- Leader: Denis Couture
- Founded: 2009
- Dissolved: December 9, 2011
- Headquarters: 143, chemin de L'Écore Nord Vallée-Jonction (Québec) G0S 3J0

Website
- reformefinanciere.com

= Nouvelle Alliance Québec-Canada =

The Nouvelle Alliance Québec-Canada (English: New Quebec-Canada Alliance) was a political party in Quebec. It was founded in 2009 as the "Parti de la réforme financière", and changed its name in 2010. Its main aim was for the provincial government to make more sensible choices in the way it spends the people's money.

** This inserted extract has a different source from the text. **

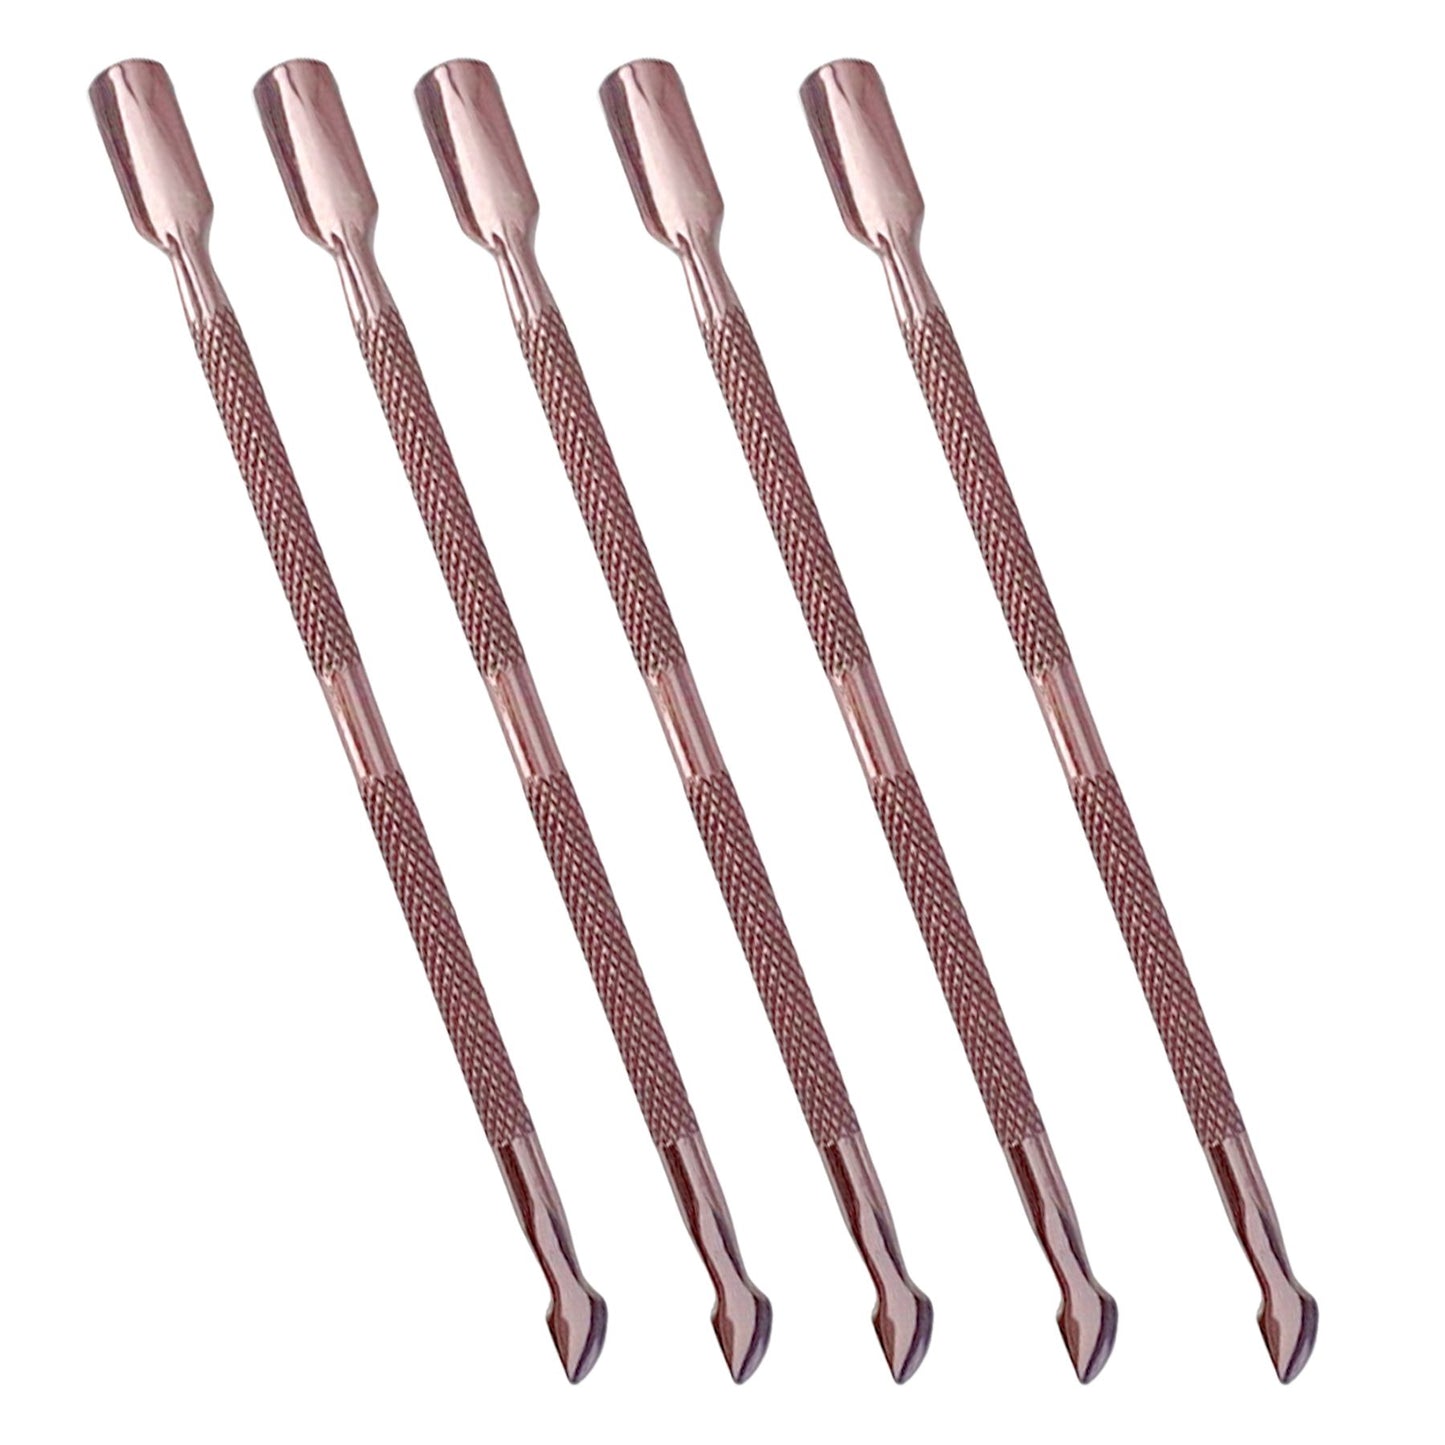 5 Pack Sistaco Manicure Tool

According to QuebecPolitique.com, the party also advocated "the recovery of the financial situation of Quebec by the repatriation of all taxing powers from Ottawa to Quebec." The chief electoral officer withdrew the party's authorization on December 9, 2011. The party later moved its website back to www.reformefinanciere.com.

==Platform==
- The Government of Quebec collecting and administer all public monies
- Requesting more in equalization payments

==Electoral history==
In the 2009 by-election in Rivière-du-Loup, leader Denis Couture ran under the Parti de la réforme financière banner, coming in 7th out of 8 candidates with 40 votes (0.19%).